4. A note about Gheebah (backbiting).

While backbiting is generally forbidden by Islam, marriage investigations are an exception to this rule. As an Imam, you may be told information about a person in confidence: financial problems, family abuse, drug and/or alcohol consumption, etc. While these and other problems should remain the business of the individual who has told you in general, in the case of marriage, you must provide complete information about someone you know has a problem.

If a father wants to know about the character of a brother who has proposed to his daughter, and you as an Imam know this brother does drugs, drinks, lies or steals, you must tell this father. His daughter’s life is at stake here.

Seeking the right husband or wife is something to be commended for. It is also the responsibility of the Muslim community to help those who are seeking marriage in fulfilling this Sunnah and part of our faith.

Selecting Marriage Partner

Marriage is recommended for partners who share a common way of life. The matrimonial partners should be able to fulfill their purpose of creation as defined by Allah. They should be able to effectively carry out their responsibility as care-takers (khalifah) of earth. They should share the common goal of building a well integrated Muslim community and be able to work harmoniously towards it.

Criteria for Selecting a Marriage Partner

Normally the criteria for selecting matrimonial mates are many: wealth, beauty, rank, character, congeniality, compatibility, religion, etc. The Quran enjoins Muslims to select partners who are good and pure (tayyib)

“Women of purity are for men of purity, and men of purity are for women of purity.” (Quran 24:26)

Prophet Muhammad (pbuh) recommended Muslims to select those partners who are best in religion (din) and character.

“A man may married for four reasons: for her property, for her rank, for her beauty, and for her religion (and character). So marry the one who is best in the religion and character and prosper”. (Bukhari and Muslim)

Prophet Muhammad (pbuh) assured the bounty of Allah to those who wish to get married and live a pure and clean life.

“Three groups of people Allah obliged Himself to help them: Mujahid in the cause of Allah, a worker to pay his debt, and the one who wants to marry to live a chaste life.” (Tirmidhi)

Freedom to Choose a Marriage Partner

Islam has given freedom of choice to those who wish to get married. The mutual choice of the would-be-spouses is given the highest consideration:

“Do not prevent them from marrying their husbands when they agree between themselves in a lawful manner.” (Quran 2:232)

The process of mate selection should be a function of a healthy balance between the freedom of choice of the would-be-spouses and consideration of the influence and consent of the parents/guardians.

The freedom of choice of those who wish to get married should not preclude the influence and consent of the parents/guardians nor should the parents/guardians ignore the wishes and consent of the would be spouses.

Falling in love is not a pre-condition for marriage in Islam. However, for the purpose of selecting an appropriate mate, the would-be- spouses are allowed to see and/or talk to each other.

Prophet Muhammad (S) recommended:

“When one of you seeks a woman in marriage, and then if he is able to have a look at whom he wishes to marry, let him do so”. (Abu Dawood)

The would-be-spouse are allowed to see each other for matrimonial purposes under the direct supervision of their mahram relatives.

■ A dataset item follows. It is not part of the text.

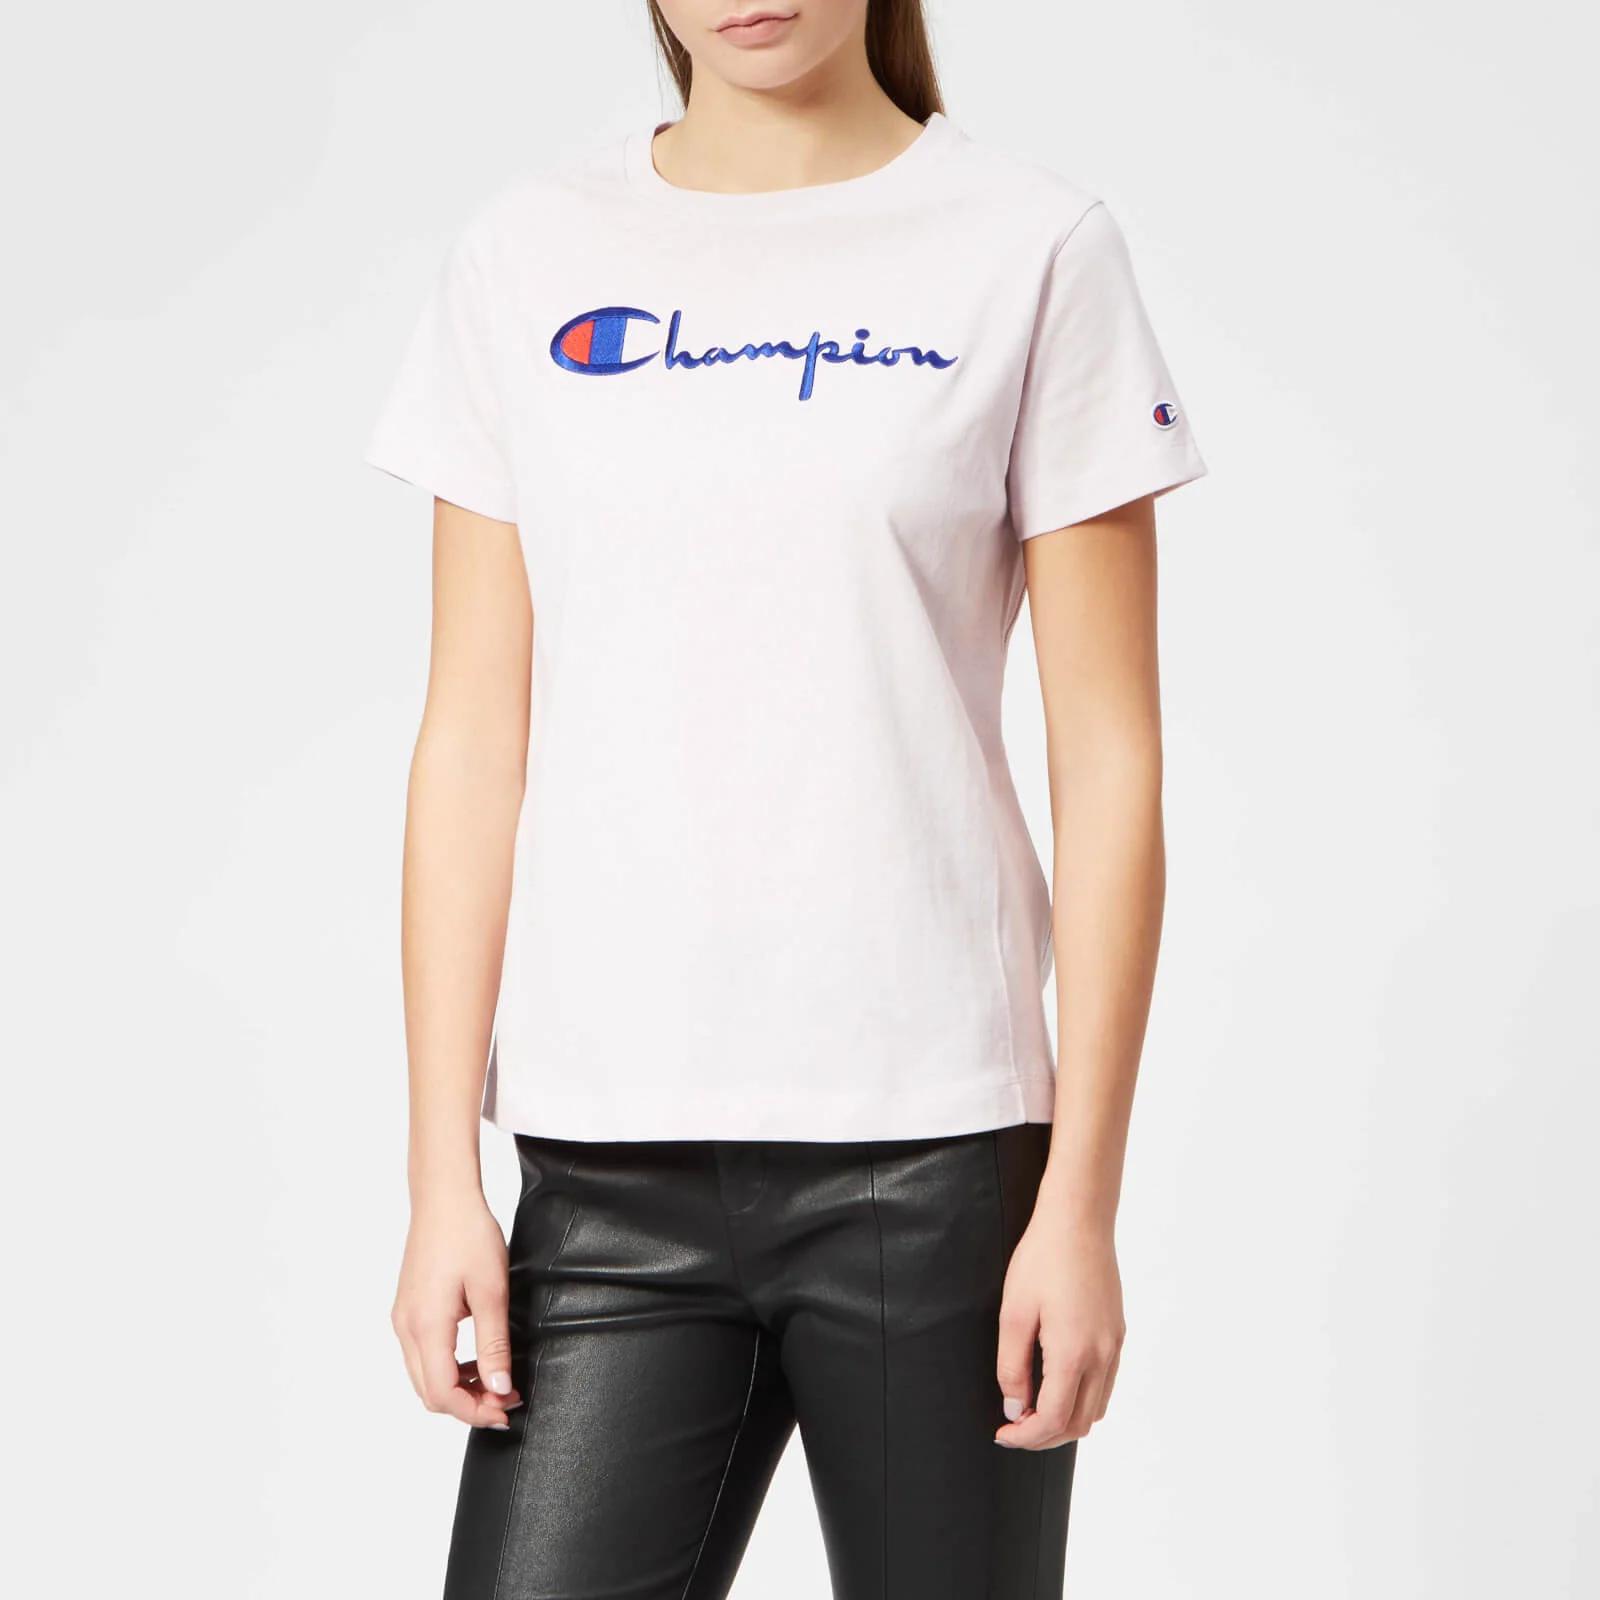 Champion Women's Crew Neck T-Shirt - Lilac Image 1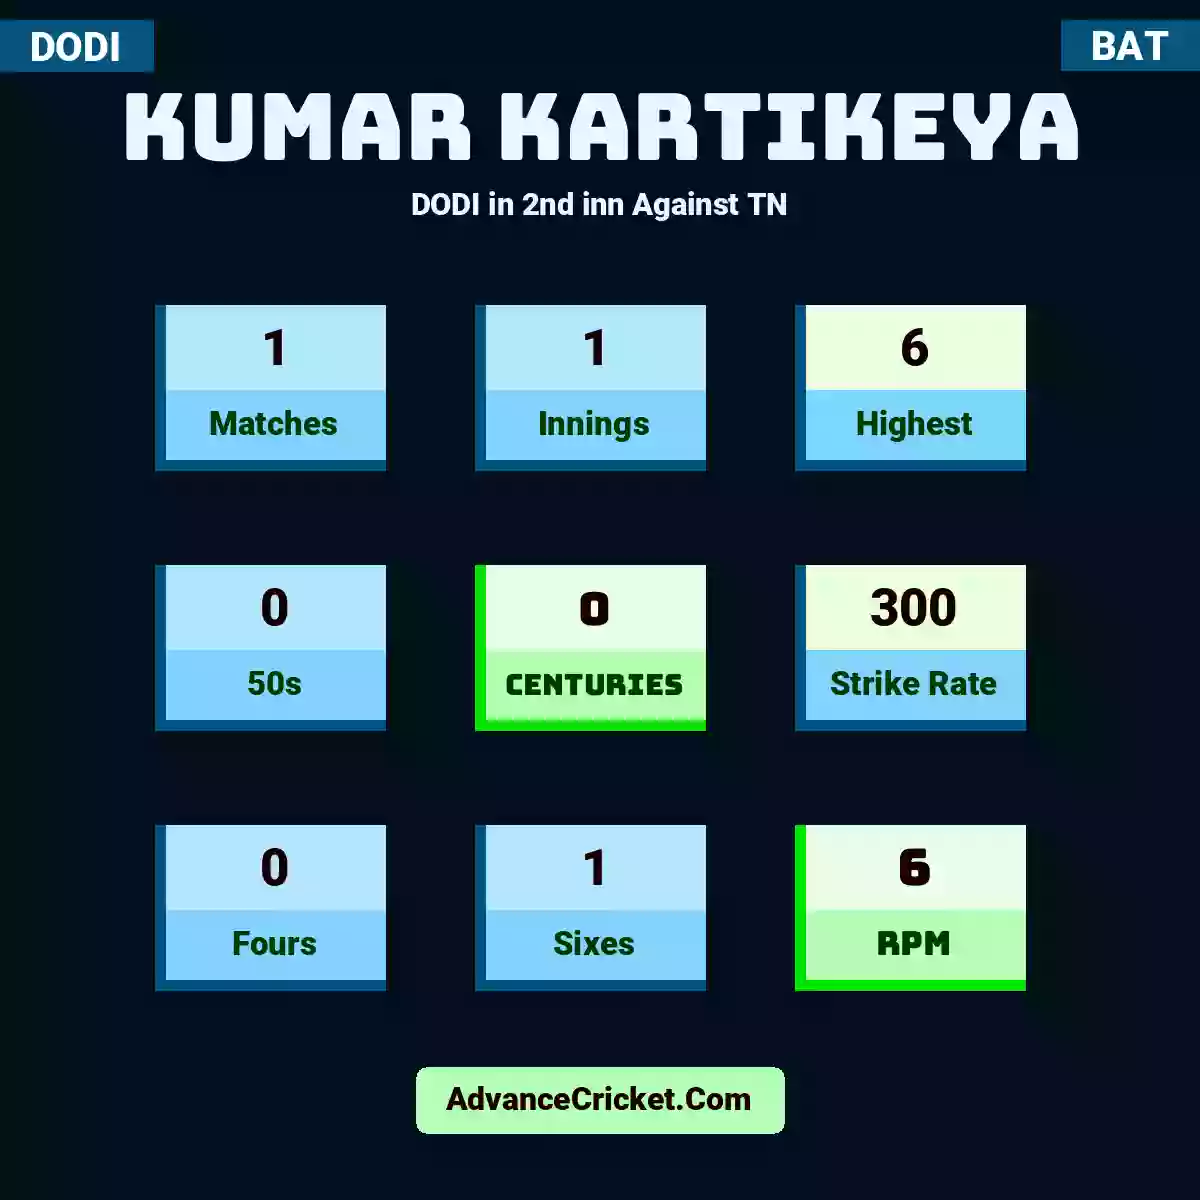 Kumar Kartikeya DODI  in 2nd inn Against TN, Kumar Kartikeya played 1 matches, scored 6 runs as highest, 0 half-centuries, and 0 centuries, with a strike rate of 300. K.Kartikeya hit 0 fours and 1 sixes, with an RPM of 6.

This provision is expected to be conceived and executed with piety and modesty.

Prophet Muhammad (S) instructed:

“No man has the right to be in the privacy with a woman who is not lawful for him. Satan is their third party unless there is a mahram”. (Ahmad)

The would-be-spouses residing in non-Muslim societies are recommended to enter into a pre-nuptial commitment to safeguard Islamic values and Muslim personal law.